In this post, I want to talk include things I learned in my Parenting class. I hope my professor won't mind. I am going to ask him if I can continue to do this, but I just love all of the things I learn in my Parenting class and want to share it with y'all. To start off, I will talk about a few things I learned in my Family Relations class. For a homework assignment, I watched an episode of Everybody Loves Raymond called "The Gift". I was so excited to watch it because I find this show entertaining and I used to watch it with my dad. I think one reason I  find this show interesting is because of the family dynamics that I am not used to. The parents of Raymond have a love-hate relationship. They joke around a lot in ways that normal families would probably find very hurtful. Raymond and his wife always feel obligated to please the Ray's parent and are not completely honest with them. Ray's brother, Rob, is always fighting for attention with the parents and is always in a competition with Raymond. Overall, I don't think it is a very healthy family relationship, but hey! It provides for good entertainment, right? Whatever works for the entertainment industry. Hopefully people don't watch it and think that families should look like that. :P Well, while I observed the relationships in the show, I noticed how harmful it can be to have sibling rivalries. For some, it is just a playful thing that kids will grow out of, but often it can grow into something far more serious. Sibling rivalries cause problems as the children grow older. The siblings can grow distant and become bitter against each other. I feel like sibling rivalries can somewhat be avoided if the parents don't allow it to become an issue. Based on what I have observed, sibling rivalries are usually caused by children trying to impress their parents. They want to feel loved and good enough. If parents give the impression that one child is better than the other or seem more interested in one child's activities, the other child or children will work against that child to one-up them. It can cause a lot of tension in the home. Something seemingly trivial as that can and should be avoided before it becomes a bigger problem. 

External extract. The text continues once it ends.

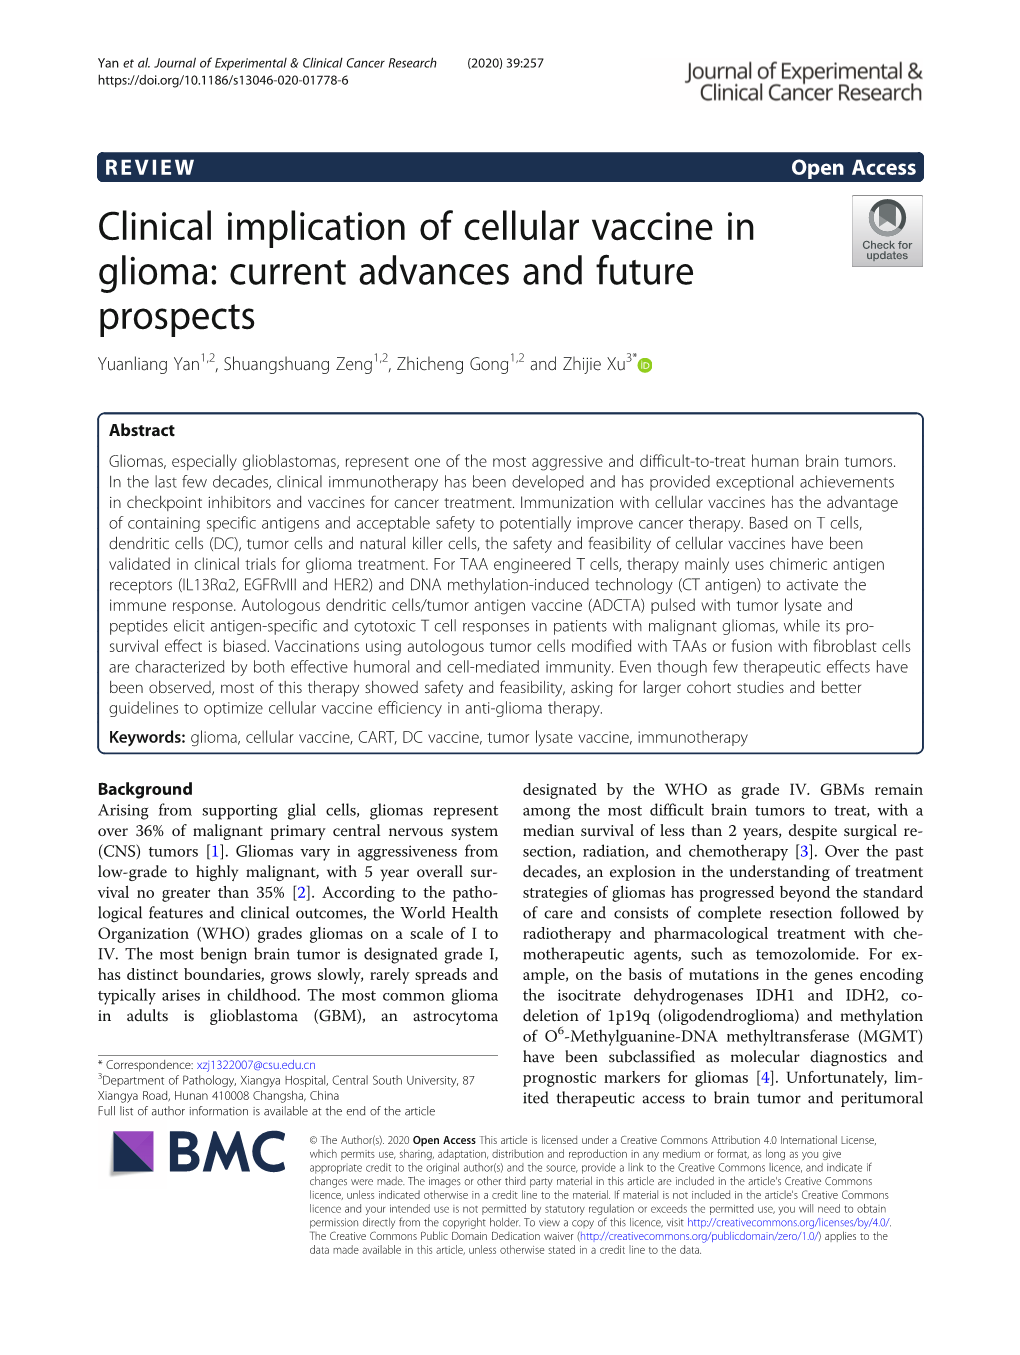 Clinical Implication of Cellular Vaccine in Glioma: Current Advances and Future Prospects Yuanliang Yan1,2, Shuangshuang Zeng1,2, Zhicheng Gong1,2 and Zhijie Xu3*

In my parenting class, I learned about personalities and different temperaments of children. I watched some videos on YouTube that are called BBC Child Of Our Time- The Big Personality Test. I found these videos very cool to watch. It shows the different personalities of the children participating in this big test. The researcher follow the children up until they are ten and see how they developed their personalities and temperaments and how they have played a role in their life. I won't go into lots of detail, but I highly recommend watching the videos. Just look them up on YouTube. The personalities that they talked about in the videos were openness, agreeableness, contentiousness, extraversion, and neuroticism. You can take a test to see your personalities and how high or low you are in these areas here http://www.outofservice.com/bigfive/ 
I learned that it is important to know the personalities of your children are so that you can better accommodate them. All children learn differently and react differently. It is hard to relate to and connect with your child if you don't understand how they are viewing the world. When you understand more about your child, you will be able to help your child in those areas where they need more help or encouragement. Get to know your children better. Have one on one conversations with them. Take time to spend an afternoon with them. Let them know you care about them and take an interest in their life. Don't just let them know, though. SHOW them. Actions speak louder than words.